Wie ausgeführt, richten sich die für ein wirksames Compliance Management zielführenden Maßnahmen nach den jeweiligen Besonderheiten des betroffenen Unternehmens und insbesondere nach seinem individuellen Compliance-Risikoprofil. Die Verbandsleiter haben bei der Ausgestaltung des Compliance Managements ein Handlungsermessen nach den Grundsätzen der sog. „Business Judgement Rule“ hinsichtlich der Einführung geeigneter Strukturen, Prozesse und Systeme. Das Auswahlermessen umfasst etwa die Frage, ob die Geschäftsleitung die Compliance-Pflicht in vollem Umfang selbst erfüllt, oder ob sie bestimmte Compliance-Aufgaben an andere Unternehmenseinheiten oder Externe delegiert. In jedem Fall sind einerseits die Zulässigkeit der Delegation sowie andererseits deren Grenzen zu beachten.

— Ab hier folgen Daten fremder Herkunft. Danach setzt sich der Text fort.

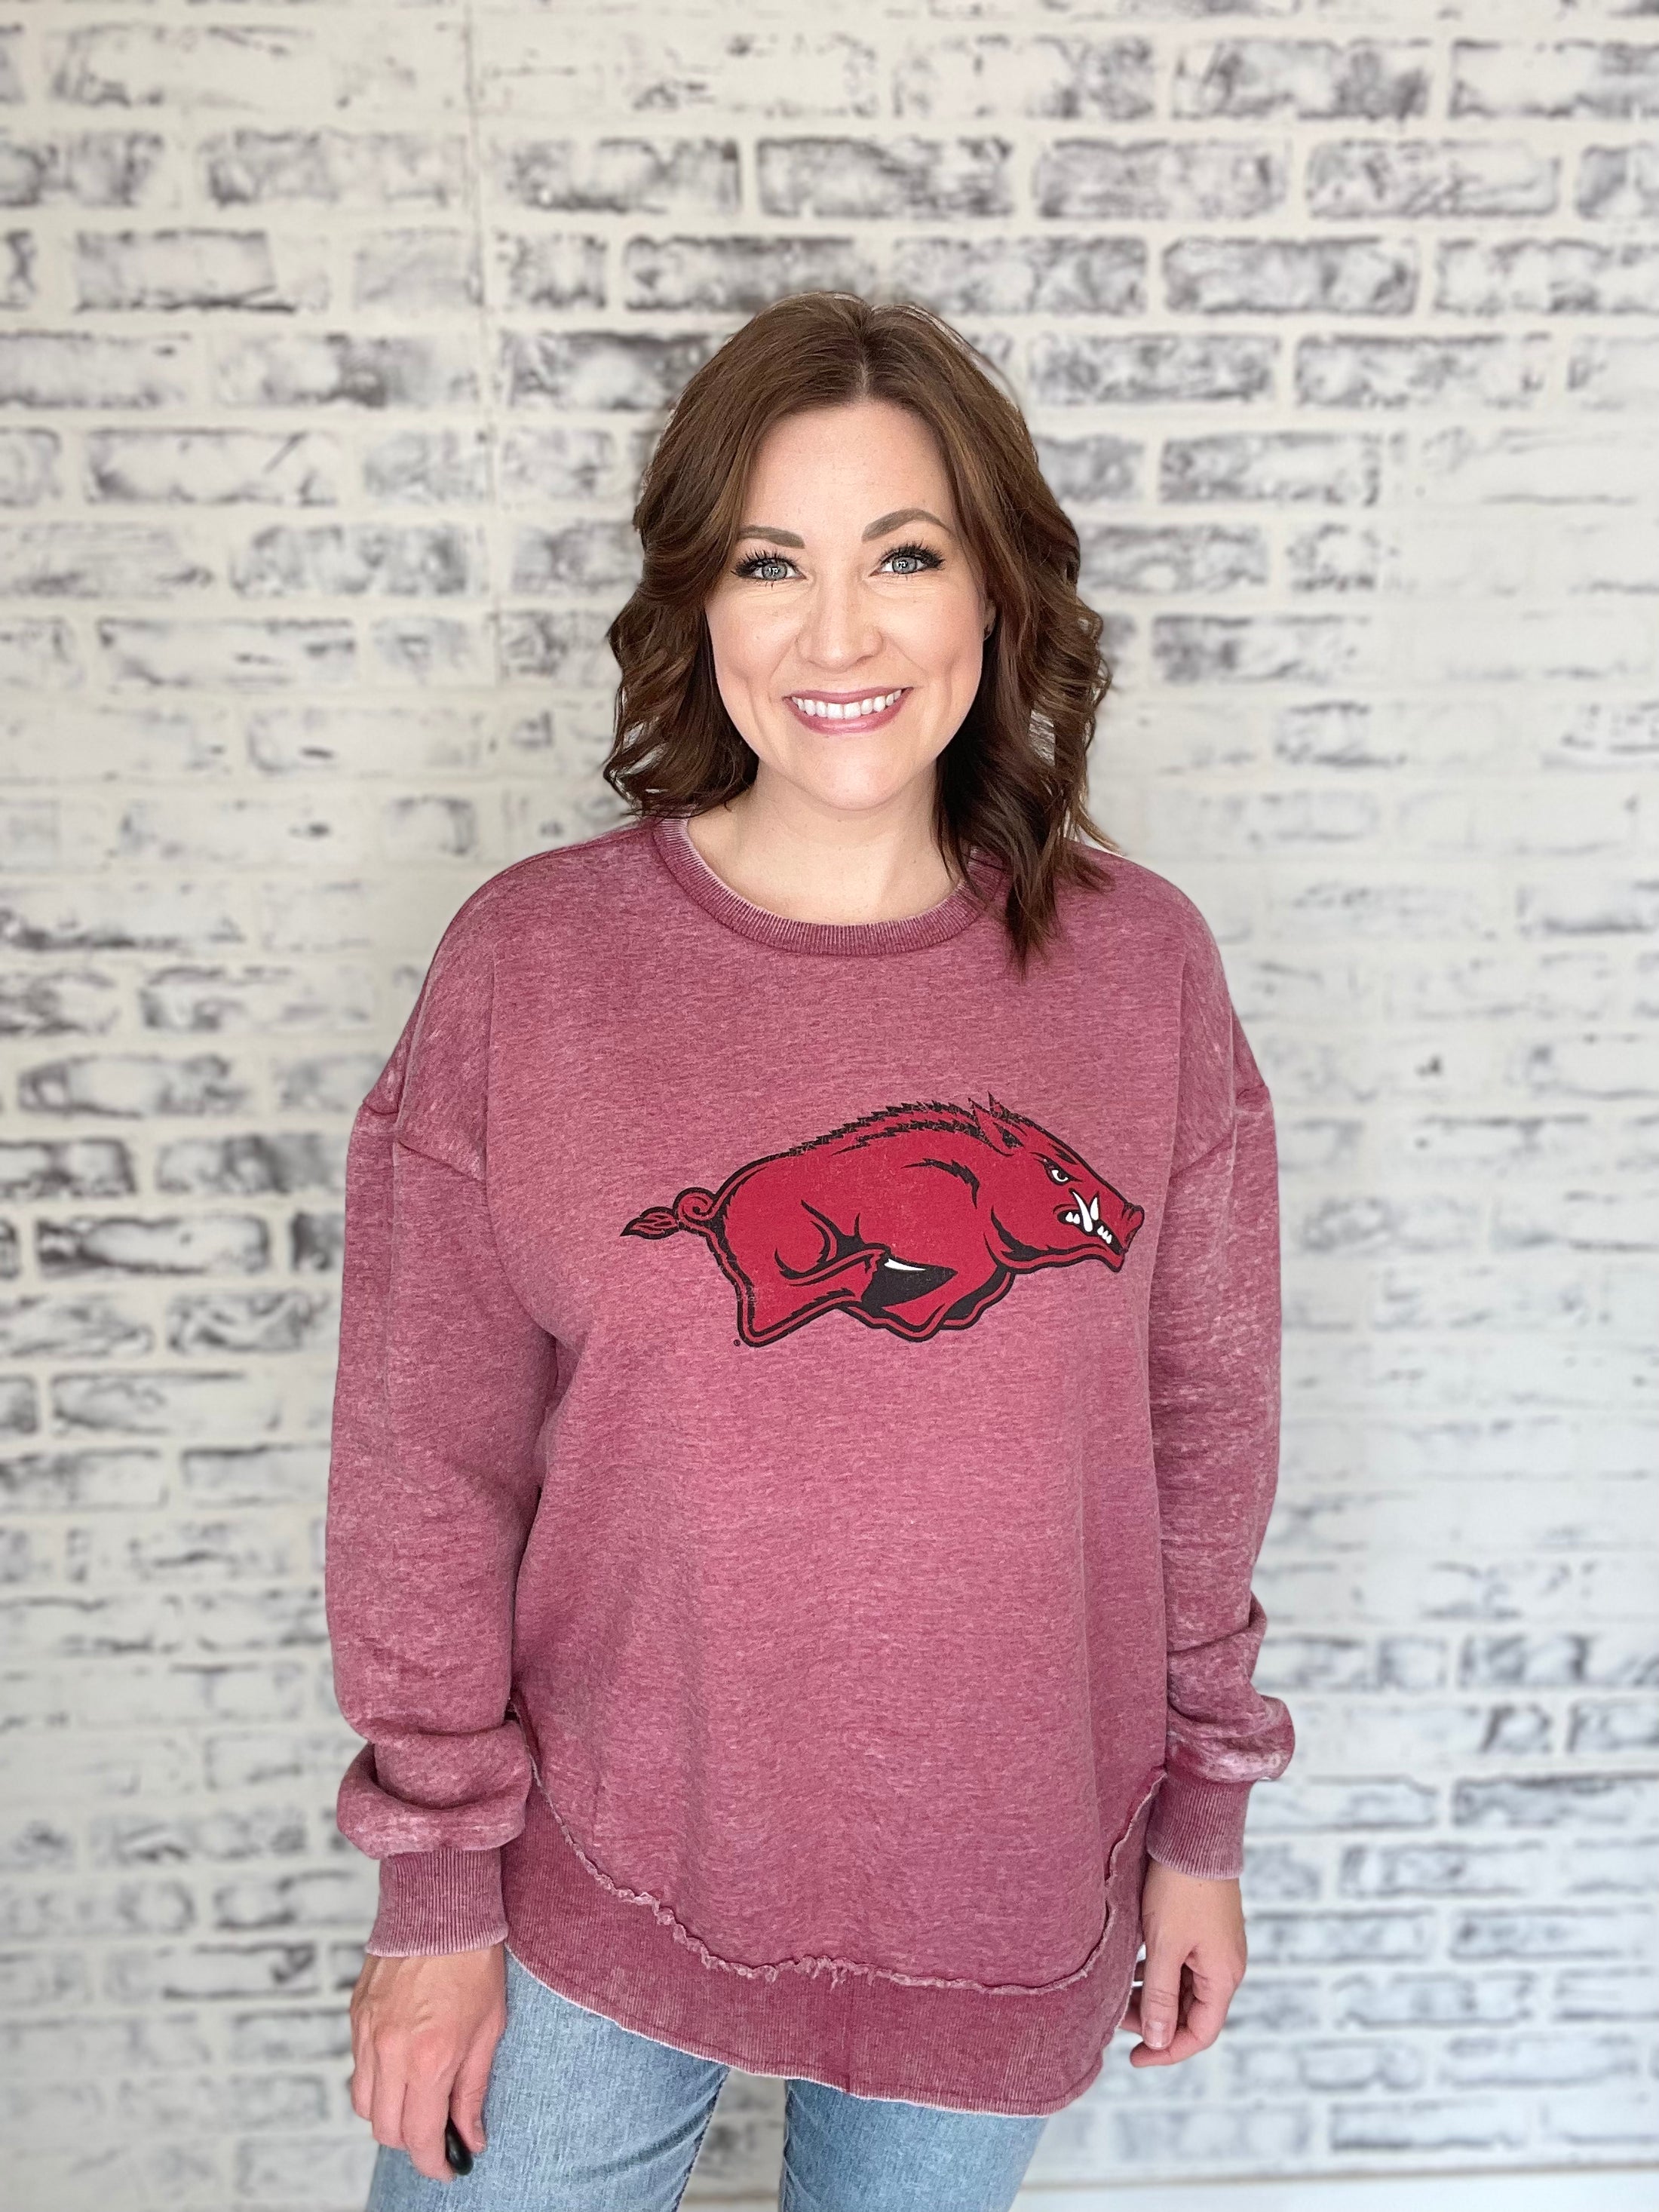 RZBK Sweatshirt with Hog on the front

Die Compliance-Maßnahmen stehen ferner unter dem Vorbehalt der Erforderlichkeit und der Zumutbarkeit, der je nach den Besonderheiten des Unternehmens variiert. Während sich ab einer bestimmten Größe die Einrichtung einer Compliance-Organisation empfiehlt, können die Compliance-Aufgaben in kleineren Unternehmen auch durch die Geschäftsleiter (ggf. in Kooperation mit Externen) selbst wahrgenommen werden. Zielführend ist in jedem Fall ein strategischer Ansatz in Abstimmung mit der jeweiligen Unternehmensstrategie.